Possible appearance of the banner (al-'alam al-mansûr) used by the Saadi sultanate, according to Nabil Mouline

At the height of Saadian power, especially under Ahmad al-Mansur, the authority of the central government in Morocco became more absolute. The presence of the central government made itself felt in the lives of everyday Moroccans in a way that that had not been true under previous dynasties and rulers.
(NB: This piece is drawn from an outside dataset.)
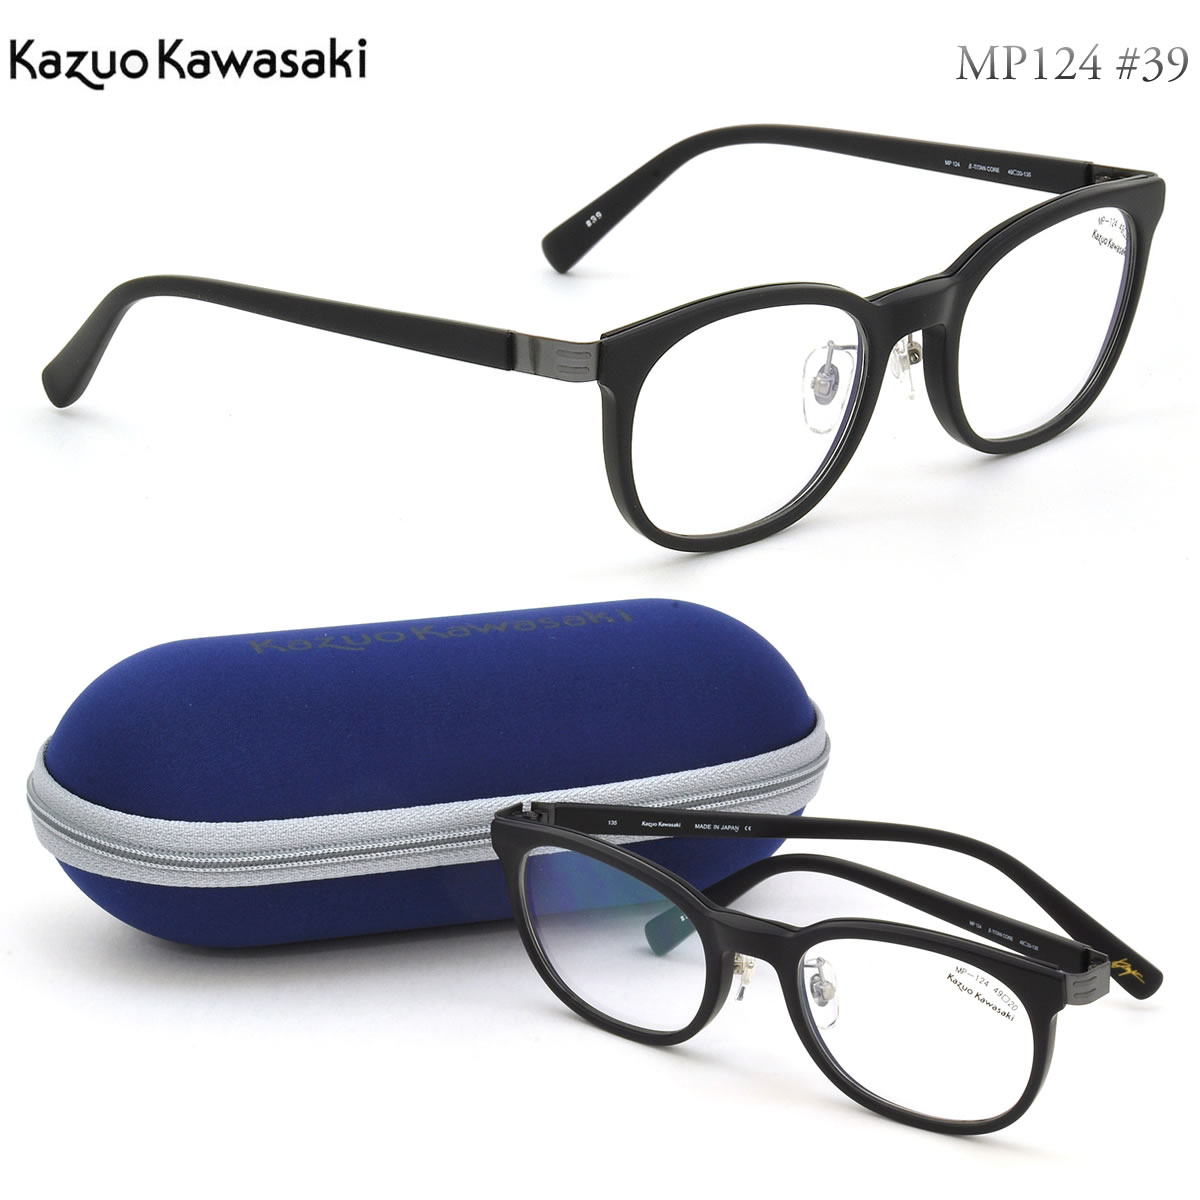 ほぼ全品ポイント15倍~最大43倍+3倍!お得なクーポンも! 【KAZUO KAWASAKI メガネ】カワサキカズオ メガネフレーム MP124 39 49サイズ

This marked a new stage in the development of the Makhzen (مخزن), the royal or sultanic government in Morocco. The word makhzen itself literally meant "warehouse" or storage, referring to the role the traditional state played as a guarantor of food and provisions in times of famine or crisis. From the Saadian period onward, however, the word's more abstract meaning as the authority and power of the sultan's government came to the fore. Hand in hand with this development was an increasingly strong association between the status of sovereign ruler and the status of sharif (descendant of Muhammad), which eventually became irreversible under the following 'Alawi dynasty. This became apparent also in the use of the word Moulay (from Moroccan Arabic, meaning "my master") becoming a standard part of the sultan's name and title.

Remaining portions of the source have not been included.